John T. Earnest, 22, pleaded guilty to murder and other charges in connection with the deadly shooting at the Chabad of Poway in April 2019.
Earnest killed one person and injured three others in the attack. Lori Gilbert-Kaye, 60, died while apparently protecting Rabbi Yisroel Goldstein during the attack. The rabbi himself was shot in the hand and lost a finger. Others injured included an 8-year-old girl, Noya Dahan, who was struck by shrapnel in her face and leg, and Dahan’s then-34-year-old uncle Almog Peretz, who suffered shrapnel in her leg while reportedly saving several children.
The attack was carried out during services on the last day of Passover. Earnest, who was 19 years old at the time, had opened fire on worshippers just before 11:30 a.m., and then left the scene. Congregants engaged and pursued Earnest, and police arrested him without incident.
Earnest pleaded guilty Tuesday to the “willful, deliberate, premeditated murder” of Kaye and attempted murder of the other three.
“Earnest admitted that he committed those crimes because of his bias and hatred of Jews, and he admitted that he personally discharged a firearm causing death and great bodily injury,” the San Diego district attorney’s office said in a statement.
Earnest also pleaded guilty to the March 2019 arson at the Dar-ul-Arqam mosque, also known as the Islamic Center of Escondido, “for the purpose of terrorizing Muslim worshippers,” the statement said.
Under the plea, Earnest will serve the rest of his life in prison without the possibility of parole, plus 121 years-to-life and 16 years in state prison, the DA’s statement said.
After the shooting, Earnest’s family issued a statement calling his actions “evil and despicable,” and expressing confusion as to how Earnest came to the decision to attack the synagogue.
During a 911 call, Earnest told a dispatcher that he had attacked the synagogue to save white people from Jews.

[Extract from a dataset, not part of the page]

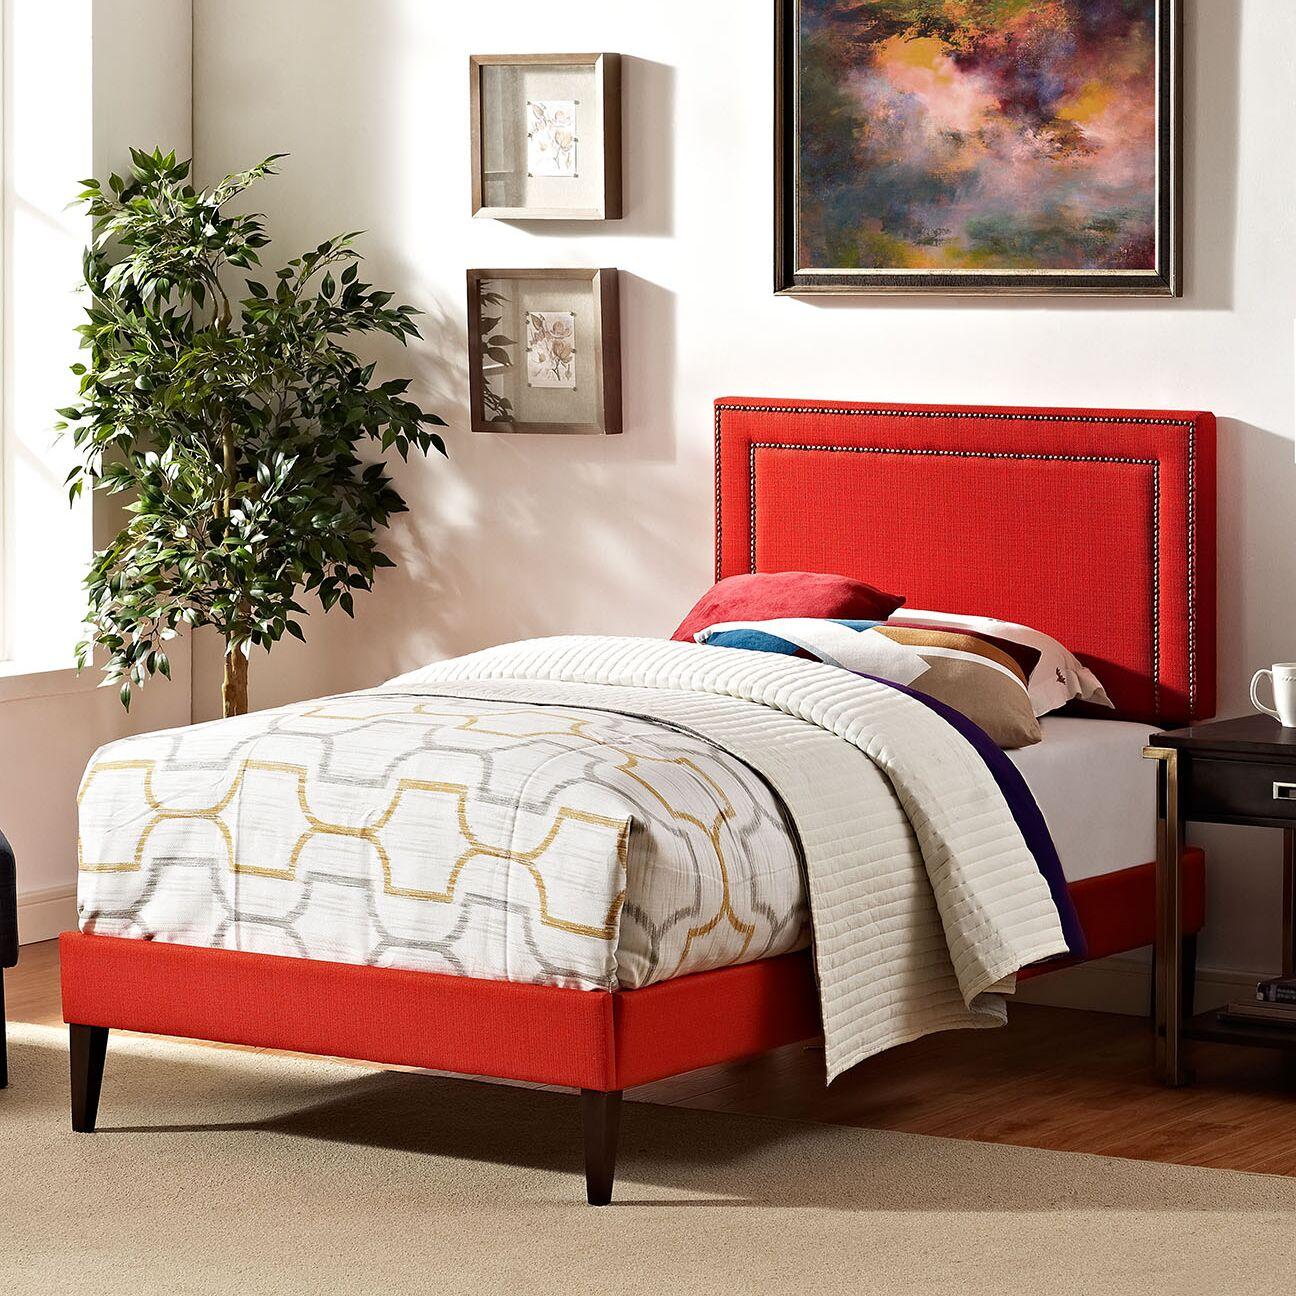 Eyre Upholstered Platform Bed Size: Twin, Color: Atomic Red

“I’m defending our nation against the Jewish people, who are trying to destroy all white people,” Earnest reportedly said,
Although Earnest would have been eligible for the death penalty, the DA’s office said Earnest’s punishment under the plea deal was appropriate.
“While we reserved the option of trying this as a death penalty case, life in prison without the possibility of parole for the defendant is an appropriate resolution to this violent hate crime and we hope it brings a measure of justice and closure to the victims, their families, friends and the wider community,” the statement said. “After consulting with the Kaye family and the many victims impacted by the shooting, the decision to accept a plea of life in prison was made in the interest of justice and with the knowledge that a parallel prosecution by the U.S. Attorney’s Office and possible plea in that case would prevent the state’s case from moving forward. This plea ensures the defendant is held accountable for his crimes under California state law.”
It’s unclear whether Earnest would have even been executed under the death penalty, as California Gov. Gavin Newsom issued a moratorium in March of 2019. The California Supreme Court has recently indicated it may consider overturning hundreds of death penalty sentences in the state.
Earnest is also facing federal hate crimes charges for the attacks on the synagogue and the mosque. A filing from July 7th indicates that he has reached a plea agreement with the government, which appears to be under the federal judge’s consideration.
Earnest’s sentencing is scheduled for Sept. 30th.